### Task to carry out
Extract from the entries below, exactly as given, only the lines from the line containing "obáv (80 a viac).<br>" to the line containing "Experiencias en la", both lines included.

### Task inputs
━━━━

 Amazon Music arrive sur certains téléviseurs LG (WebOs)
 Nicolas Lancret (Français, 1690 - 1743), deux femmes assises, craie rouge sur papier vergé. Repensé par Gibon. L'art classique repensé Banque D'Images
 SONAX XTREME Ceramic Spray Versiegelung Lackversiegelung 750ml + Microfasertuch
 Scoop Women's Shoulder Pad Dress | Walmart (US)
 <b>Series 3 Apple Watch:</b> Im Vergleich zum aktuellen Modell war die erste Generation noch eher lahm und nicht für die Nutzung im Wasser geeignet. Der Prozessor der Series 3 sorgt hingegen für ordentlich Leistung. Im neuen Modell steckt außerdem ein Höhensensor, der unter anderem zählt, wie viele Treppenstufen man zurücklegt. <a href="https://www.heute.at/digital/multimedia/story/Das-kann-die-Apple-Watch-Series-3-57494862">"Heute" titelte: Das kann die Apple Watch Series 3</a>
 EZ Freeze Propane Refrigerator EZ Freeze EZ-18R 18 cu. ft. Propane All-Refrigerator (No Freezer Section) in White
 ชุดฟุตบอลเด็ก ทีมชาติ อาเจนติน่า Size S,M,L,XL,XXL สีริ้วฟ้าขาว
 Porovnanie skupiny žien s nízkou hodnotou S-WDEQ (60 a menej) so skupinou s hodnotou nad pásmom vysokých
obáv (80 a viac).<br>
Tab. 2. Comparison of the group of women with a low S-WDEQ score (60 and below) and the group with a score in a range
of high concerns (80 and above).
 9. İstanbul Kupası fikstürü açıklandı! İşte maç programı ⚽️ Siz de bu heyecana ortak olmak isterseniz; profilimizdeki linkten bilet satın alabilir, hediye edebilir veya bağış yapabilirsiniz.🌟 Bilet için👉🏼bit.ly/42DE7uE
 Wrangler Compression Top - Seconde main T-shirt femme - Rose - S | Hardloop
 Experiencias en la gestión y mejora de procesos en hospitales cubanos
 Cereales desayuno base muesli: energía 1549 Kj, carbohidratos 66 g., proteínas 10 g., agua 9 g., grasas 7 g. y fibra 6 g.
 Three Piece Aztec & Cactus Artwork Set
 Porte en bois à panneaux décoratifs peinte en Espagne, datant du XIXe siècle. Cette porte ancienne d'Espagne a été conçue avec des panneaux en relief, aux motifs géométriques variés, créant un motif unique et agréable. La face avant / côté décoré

━━━━

### Your solution
obáv (80 a viac).<br>
Tab. 2. Comparison of the group of women with a low S-WDEQ score (60 and below) and the group with a score in a range
of high concerns (80 and above).
 9. İstanbul Kupası fikstürü açıklandı! İşte maç programı ⚽️ Siz de bu heyecana ortak olmak isterseniz; profilimizdeki linkten bilet satın alabilir, hediye edebilir veya bağış yapabilirsiniz.🌟 Bilet için👉🏼bit.ly/42DE7uE
 Wrangler Compression Top - Seconde main T-shirt femme - Rose - S | Hardloop
 Experiencias en la gestión y mejora de procesos en hospitales cubanos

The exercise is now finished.